- [WORK ITEM]
Return the data below exactly, please, but drop the pictures.

Items from a data source
+ + + + +

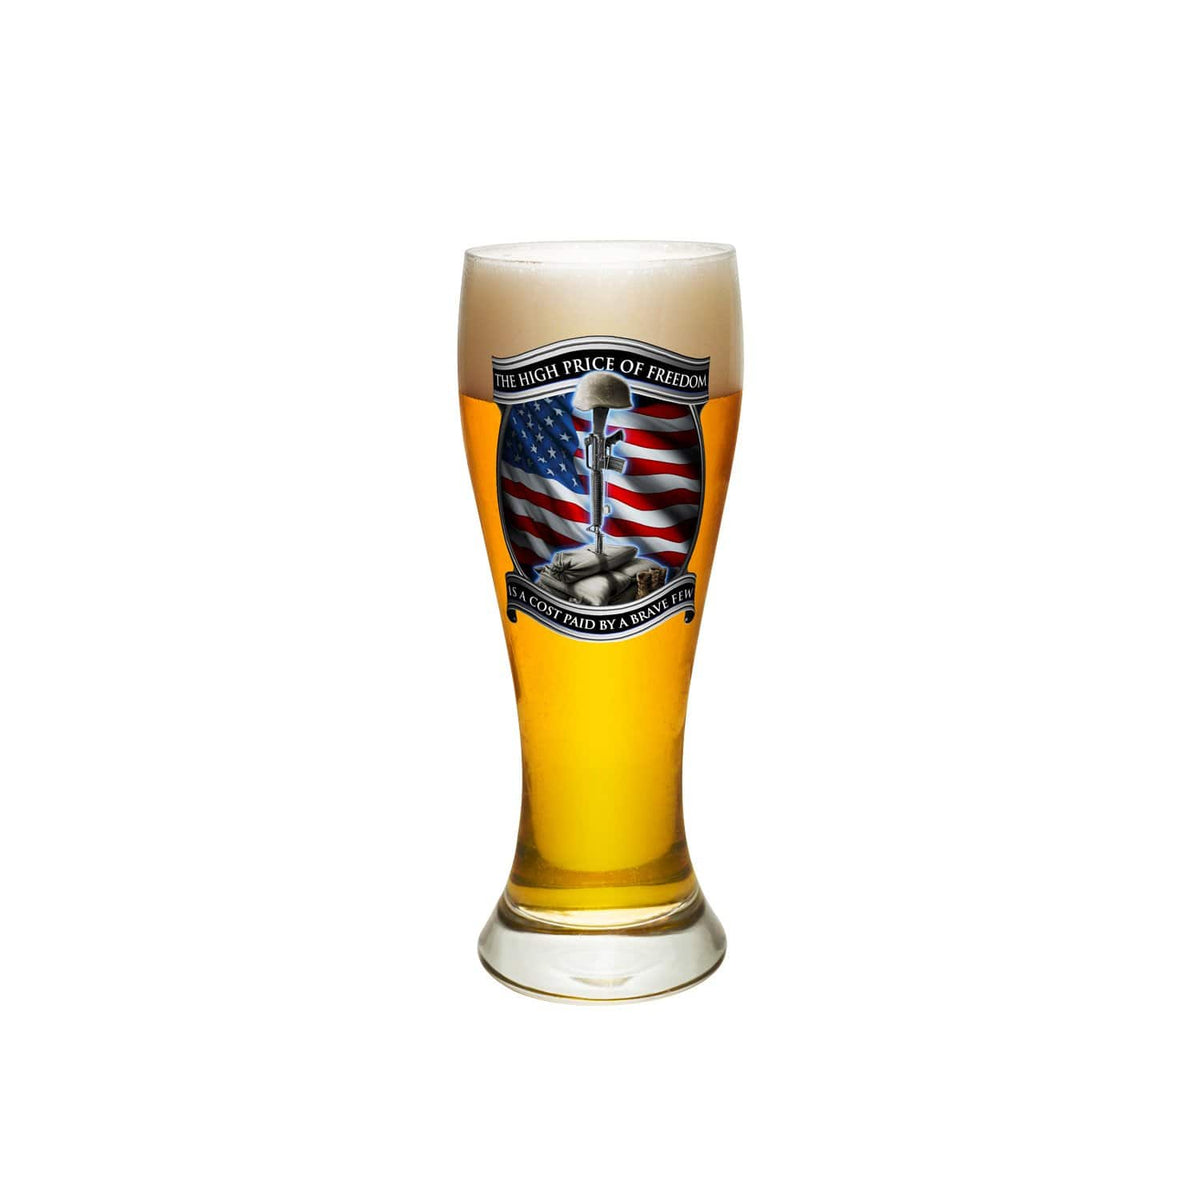 High Price Of Freedom Pilsner Glass
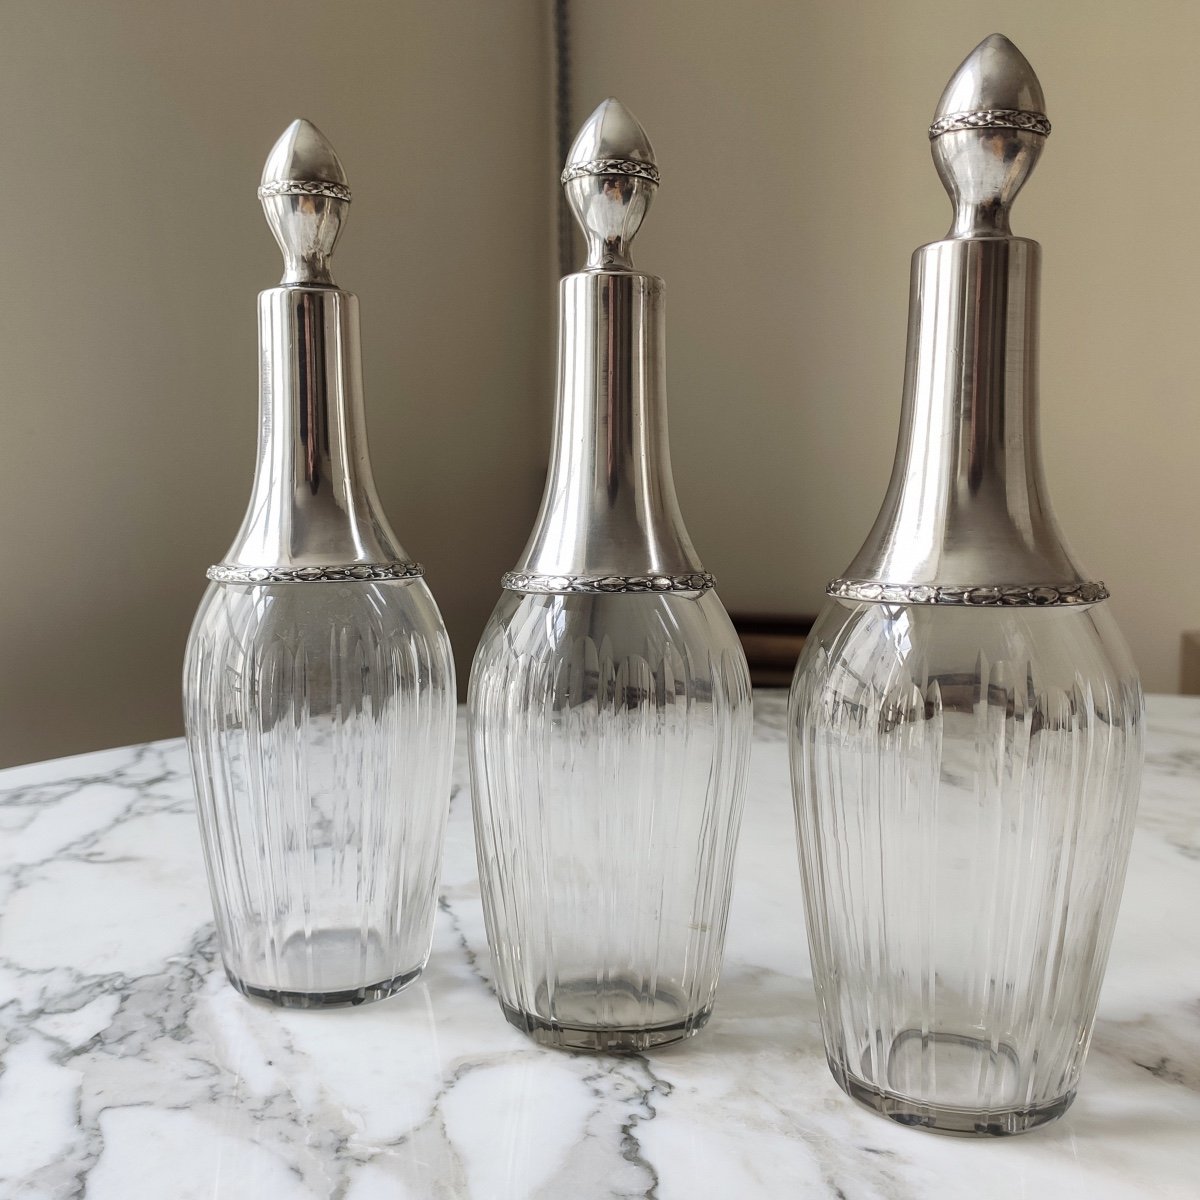 Adrien Mathiss: Beautiful Suite Of Three Alcohol Decanters In Glass And Solid Silver, St. Louis XV
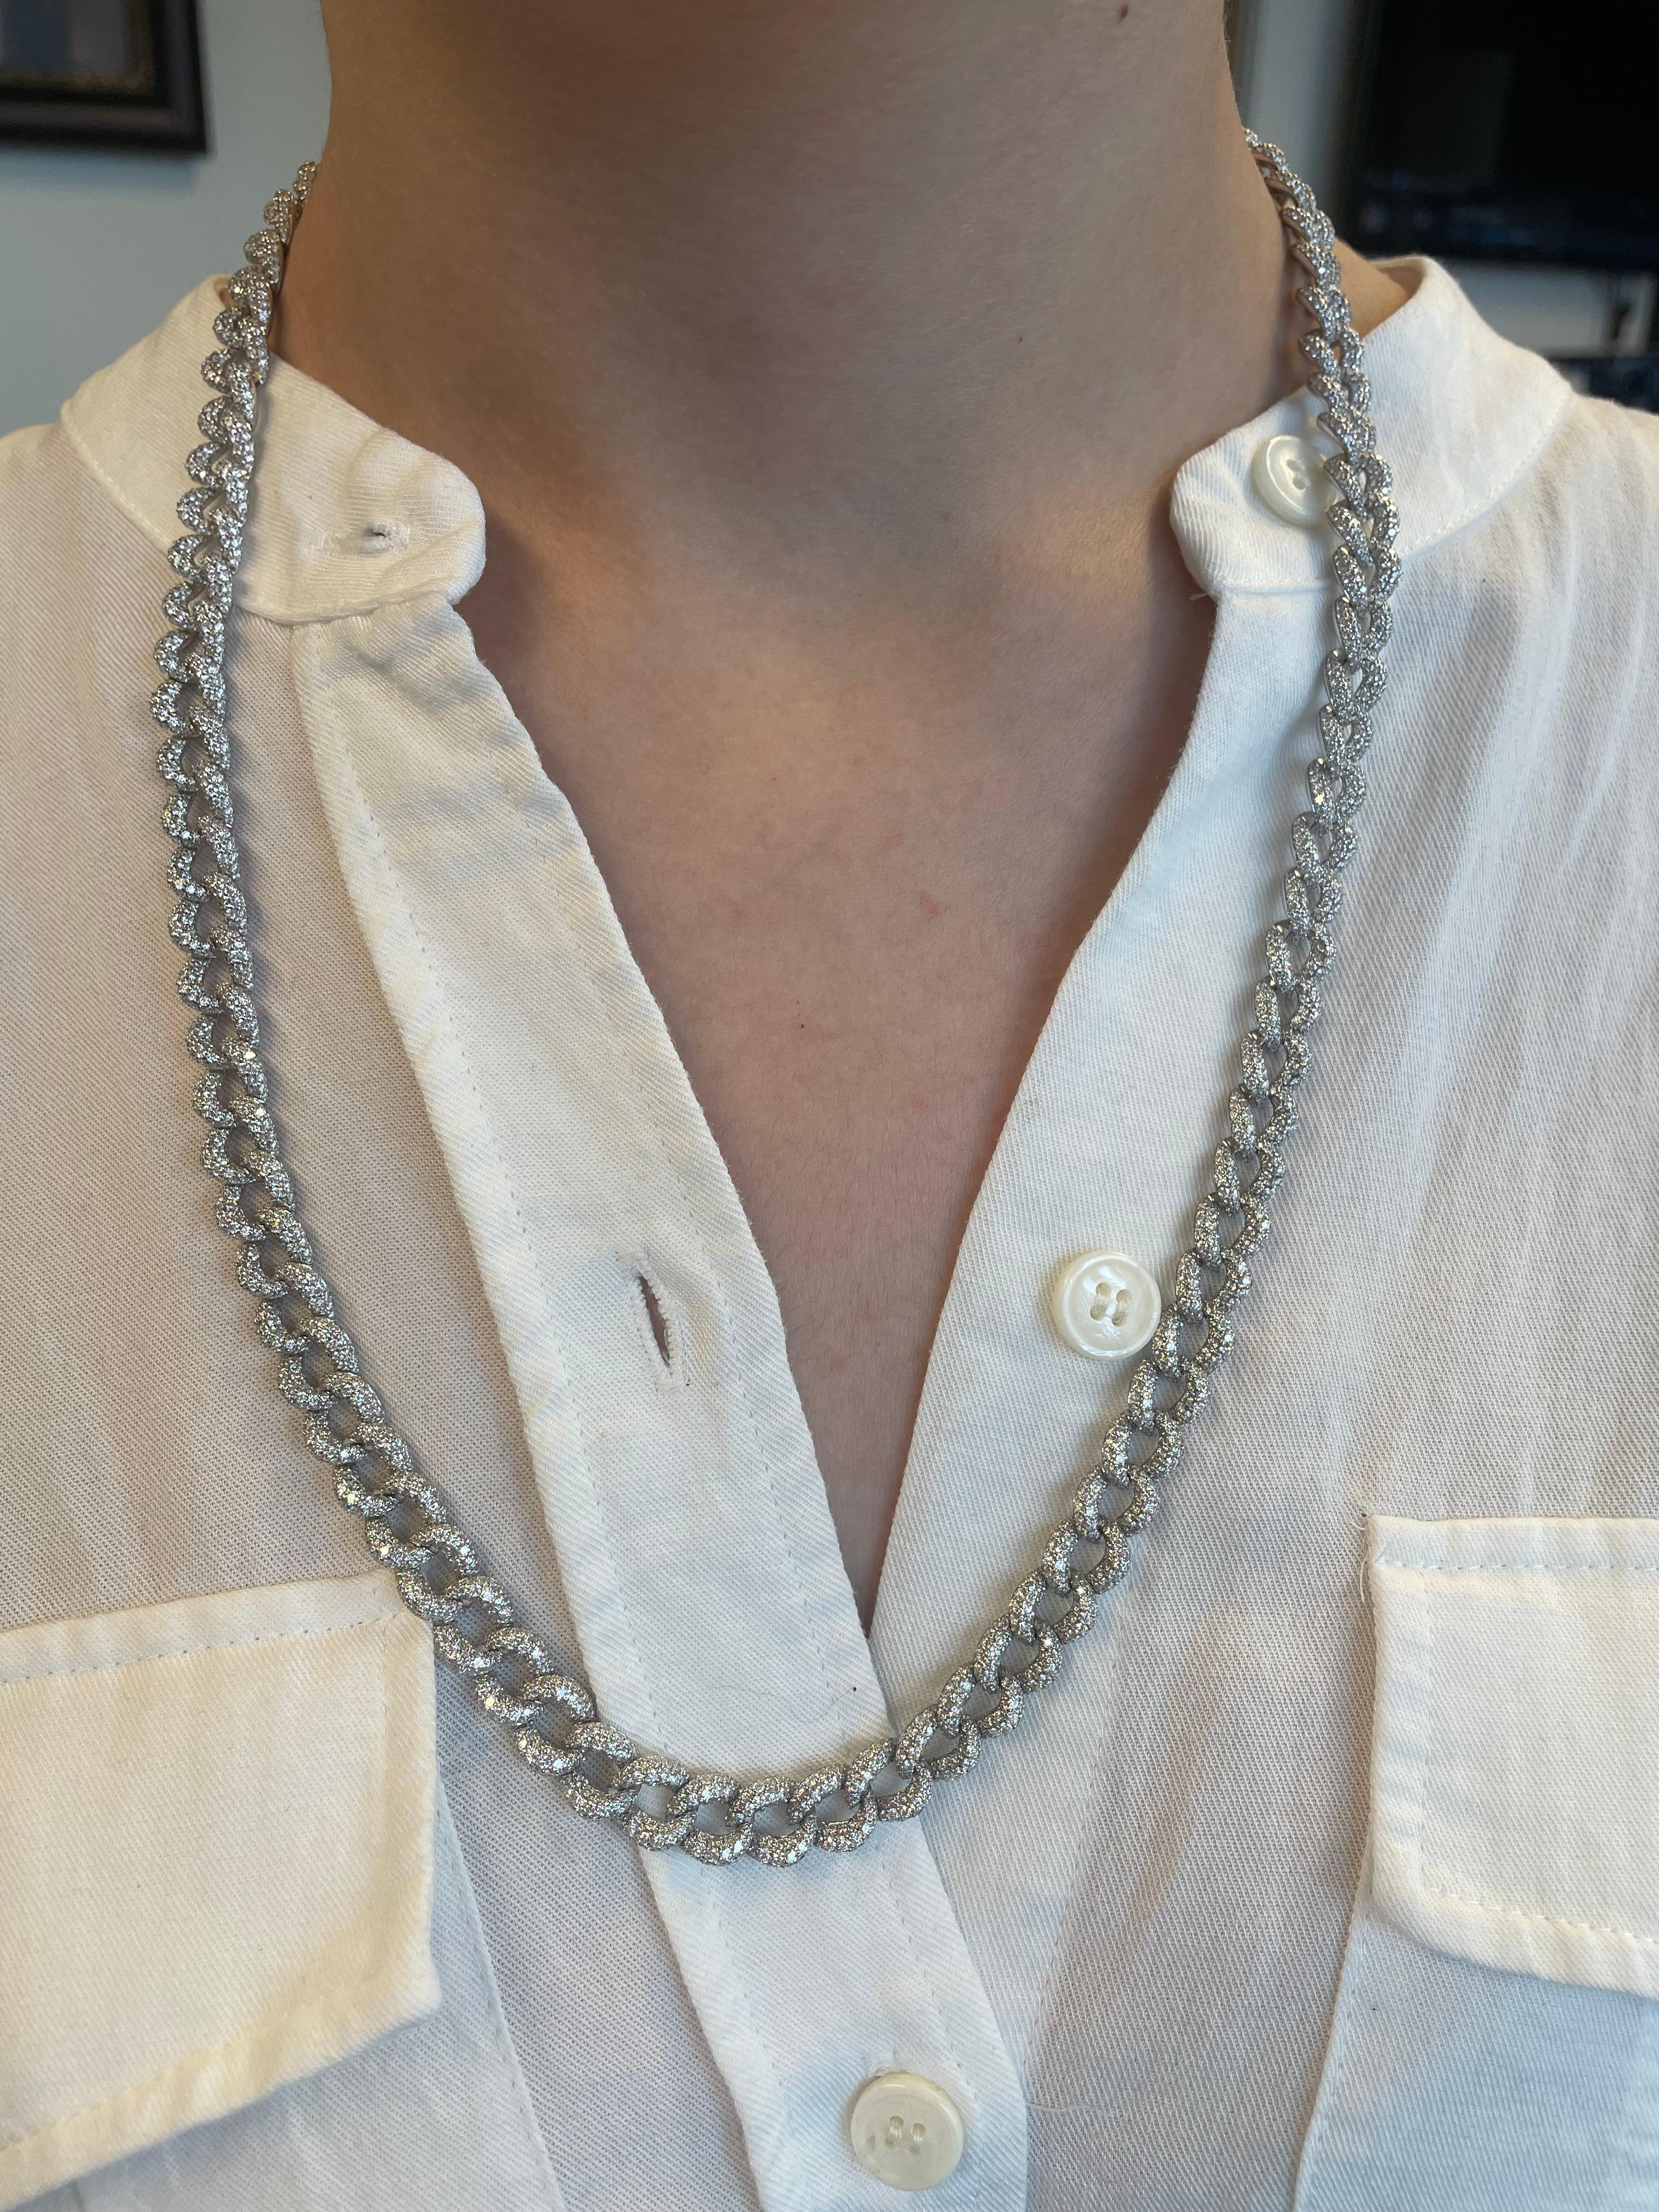 Modern diamond cuban link necklace. High jewelry by Alexander Beverly Hills.
3876 round brilliant diamonds, 28.57 carats total. Approximately G/H color and SI clarity. 18k white gold.
Accommodated with an up-to-date appraisal by a GIA G.G. once
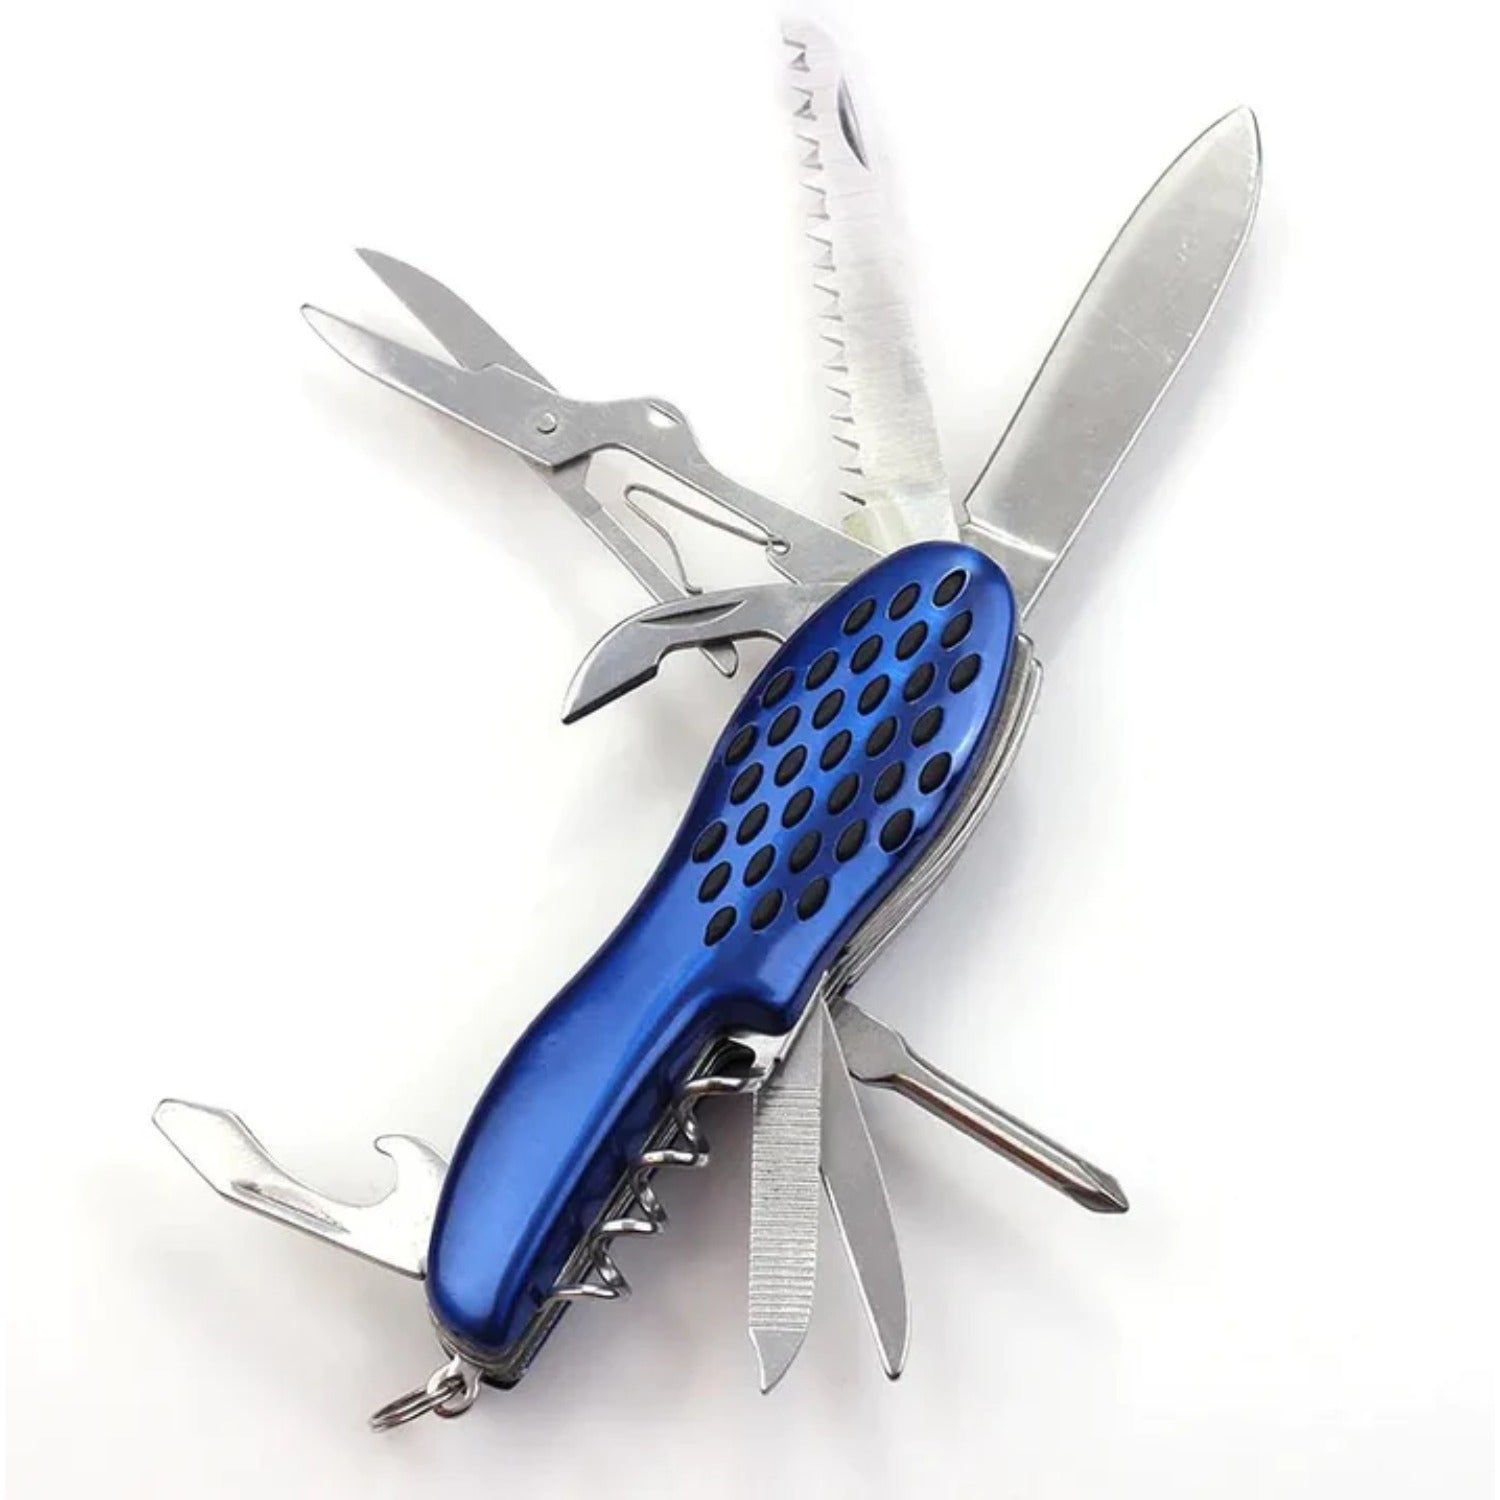 Buy Gokyo Swiss Styled Pocket Knife & Multitool 12 in 1 | Knives & Tools at Gokyo Outdoor Clothing & Gear

+ + + + +

- [PROBLEM SOLUTION]
 High Price Of Freedom Pilsner Glass
 Adrien Mathiss: Beautiful Suite Of Three Alcohol Decanters In Glass And Solid Silver, St. Louis XV
 Modern diamond cuban link necklace. High jewelry by Alexander Beverly Hills.
3876 round brilliant diamonds, 28.57 carats total. Approximately G/H color and SI clarity. 18k white gold.
Accommodated with an up-to-date appraisal by a GIA G.G. once
 Buy Gokyo Swiss Styled Pocket Knife & Multitool 12 in 1 | Knives & Tools at Gokyo Outdoor Clothing & Gear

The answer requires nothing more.